Says Eaves, “I’ll be increasing my support network and continuing my business studies. My goal is to scale Teacher Carry All so it’s well-known Australia wide, then worldwide, by all those looking for quality accessories.”

And Grosse will be relying on connectivity to retain clear communication channels with a crew of remote workers.

“I intend on building a team of virtual assistants to support me with the implementation of our systems and processes into clients’ businesses. This will also allow me to service more women in business, most of whom work from home.”

On the subject of working from home, Eaves adds: “The internet opens up a world of possibilities to women who are housewives, mums or even people who are stuck at home due to ill health or unable to find work in their location.

“You can reach key services, training and business support that isn’t found locally.”

Grosse hard at work

For Grosse, there’s no real mystery why women in Australia – especially mums – are diving enthusiastically into entrepreneurship.

“It allows us to work from home while our children are young. Previously, when you had children who you wanted to stay at home with, you had to leave your job.

“Now you can either shift your job to your home office and work remotely, or start up your own business pursuing your passion.”

*‘nbn™-connected regions’ are those areas where the rollout of the nbn™ access network is more than 90 per cent complete. ‘non-nbn™-connected regions’ are those areas where the nbn™ access network rollout is less than 10 per cent complete.

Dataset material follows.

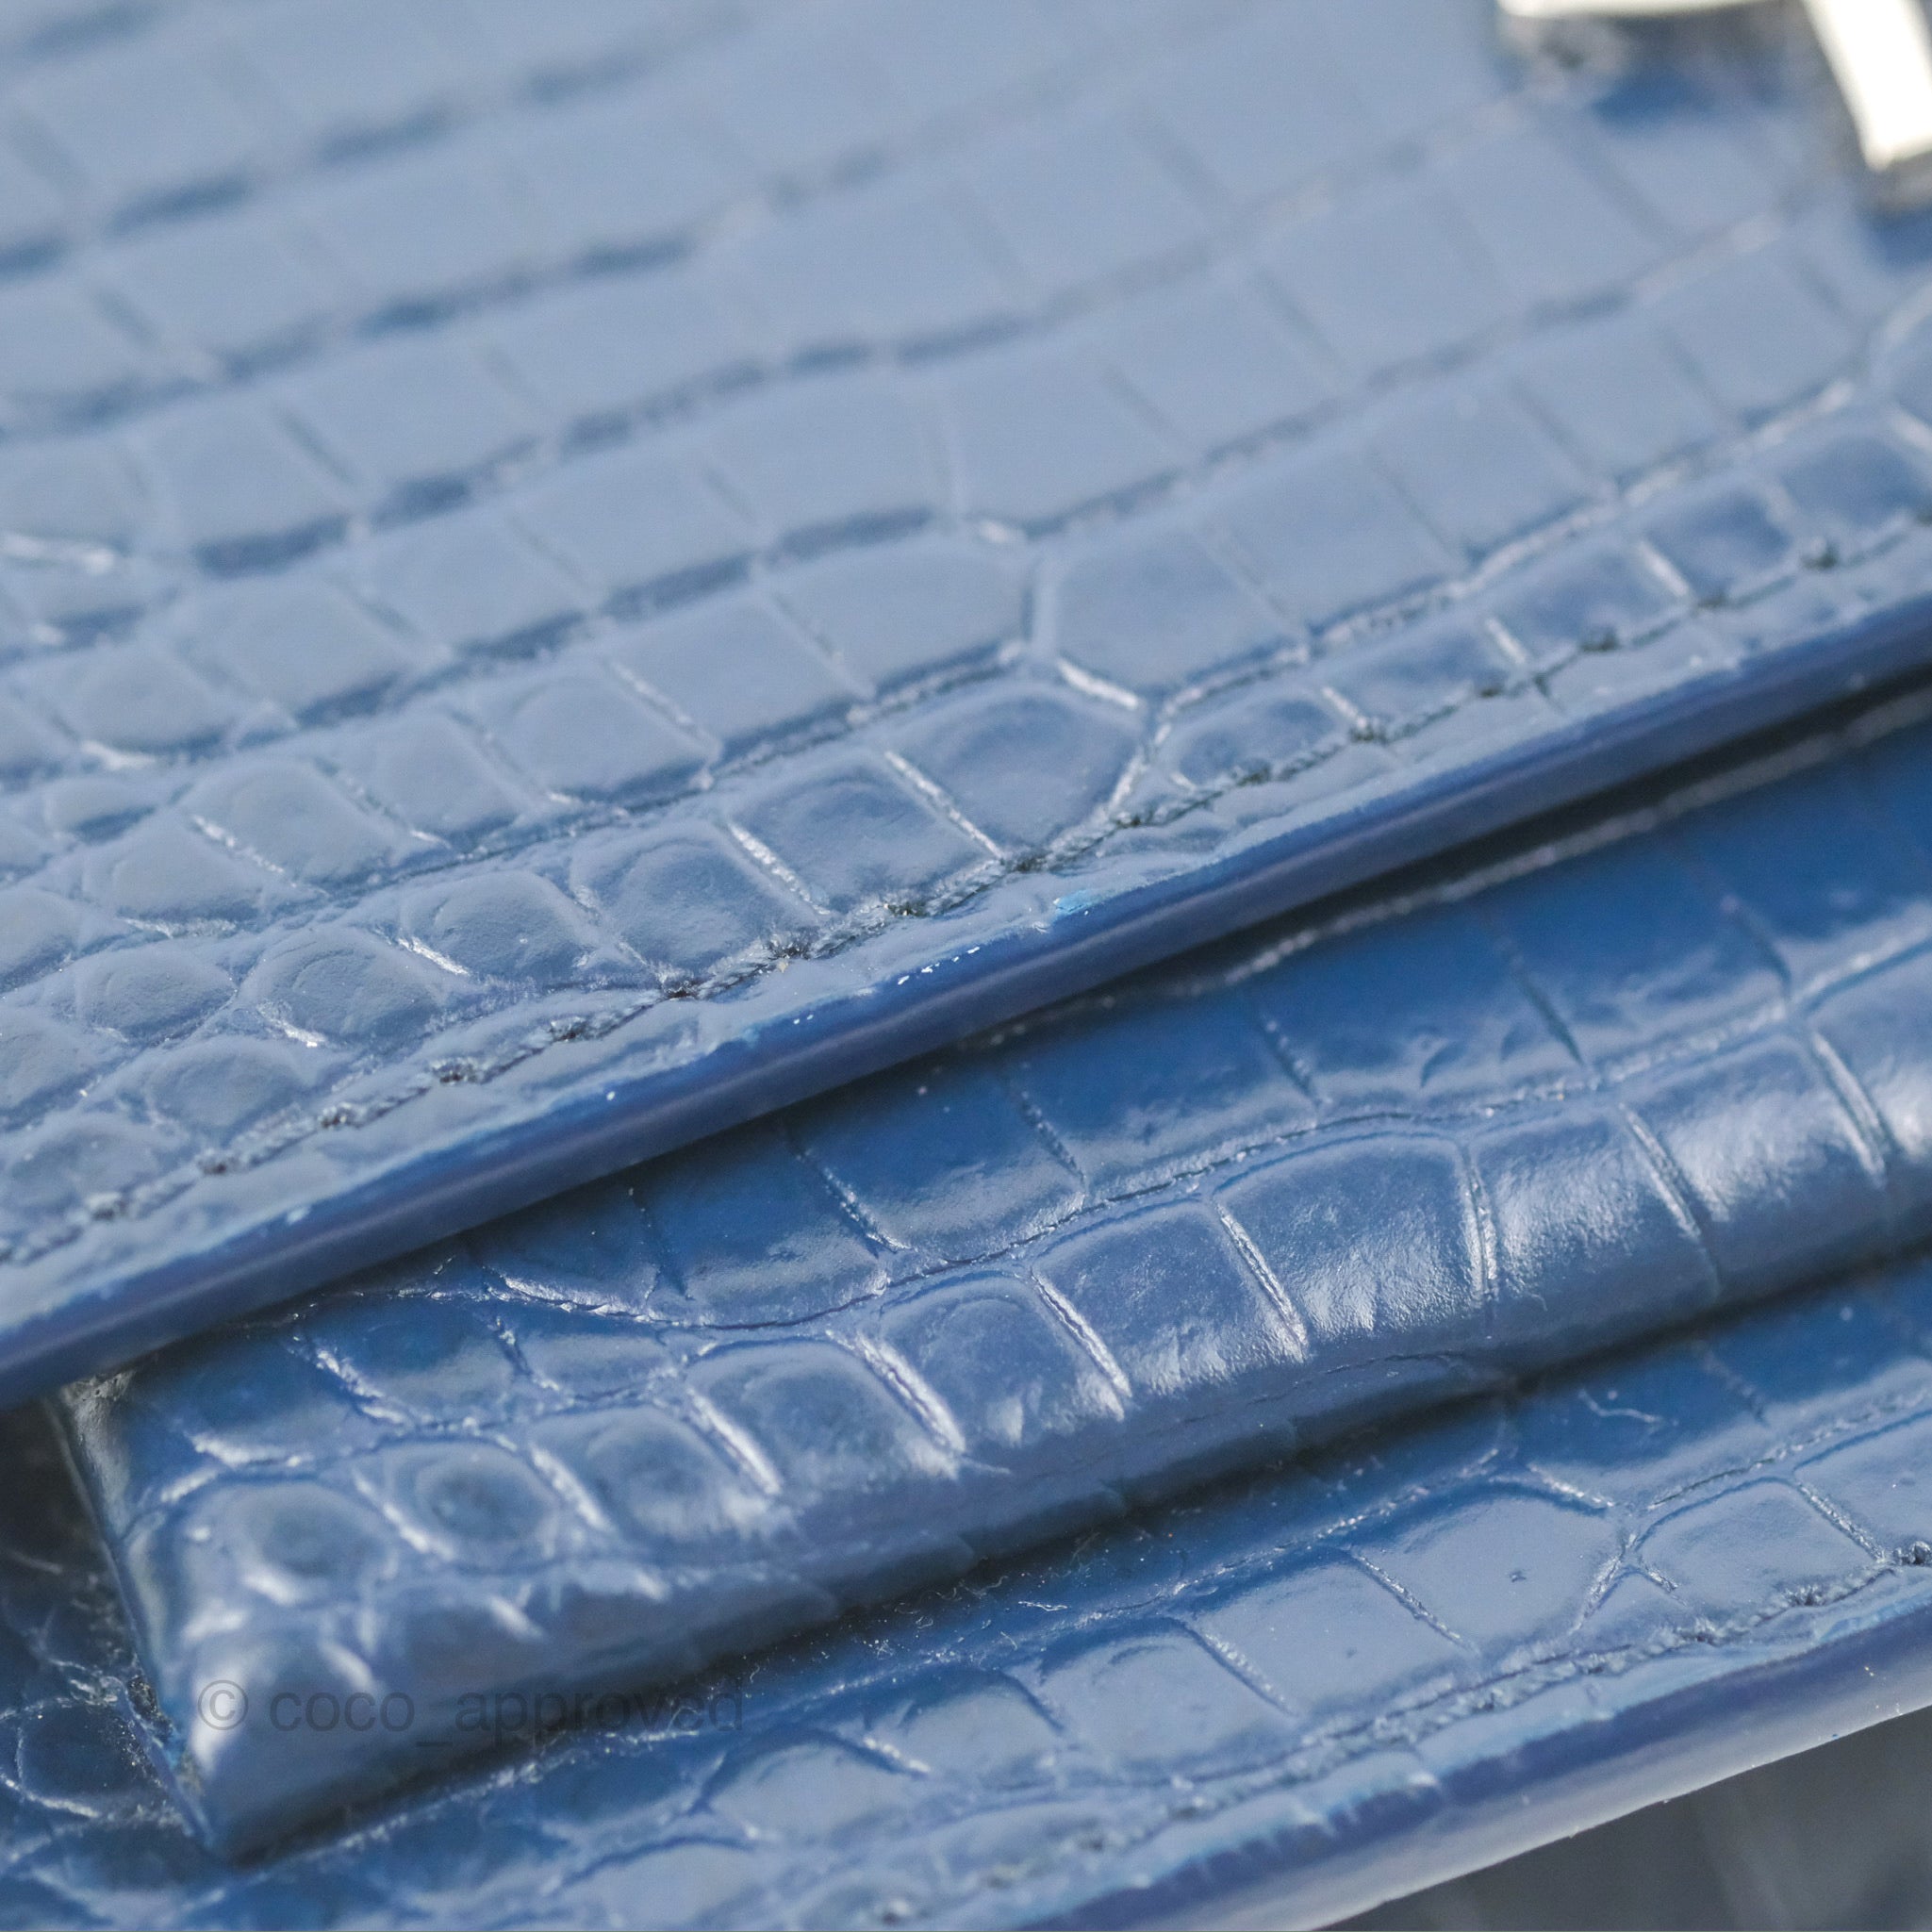 Saint Laurent Sunset Chain Wallet In Crocodile Embossed Leather, Designer  code: 533026DND1J, Luxury Fashion Eshop

^nbn provides services to our wholesale customers (phone and internet providers). nbn™ wholesale speed tiers available to your phone and internet provider vary depending on the access technology in your area. Your experience, including the speeds actually achieved over the nbn™ access network, depends on the nbn™ access network technology and configuration over which services are delivered to your premises, whether you are using the internet during the busy period, and some factors outside our control (like your equipment quality, software, broadband plans, signal reception and how your service provider designs its network). Speeds may be impacted by the number of concurrent users on nbn’s Fixed Wireless network, including during busy periods. Satellite users may experience latency.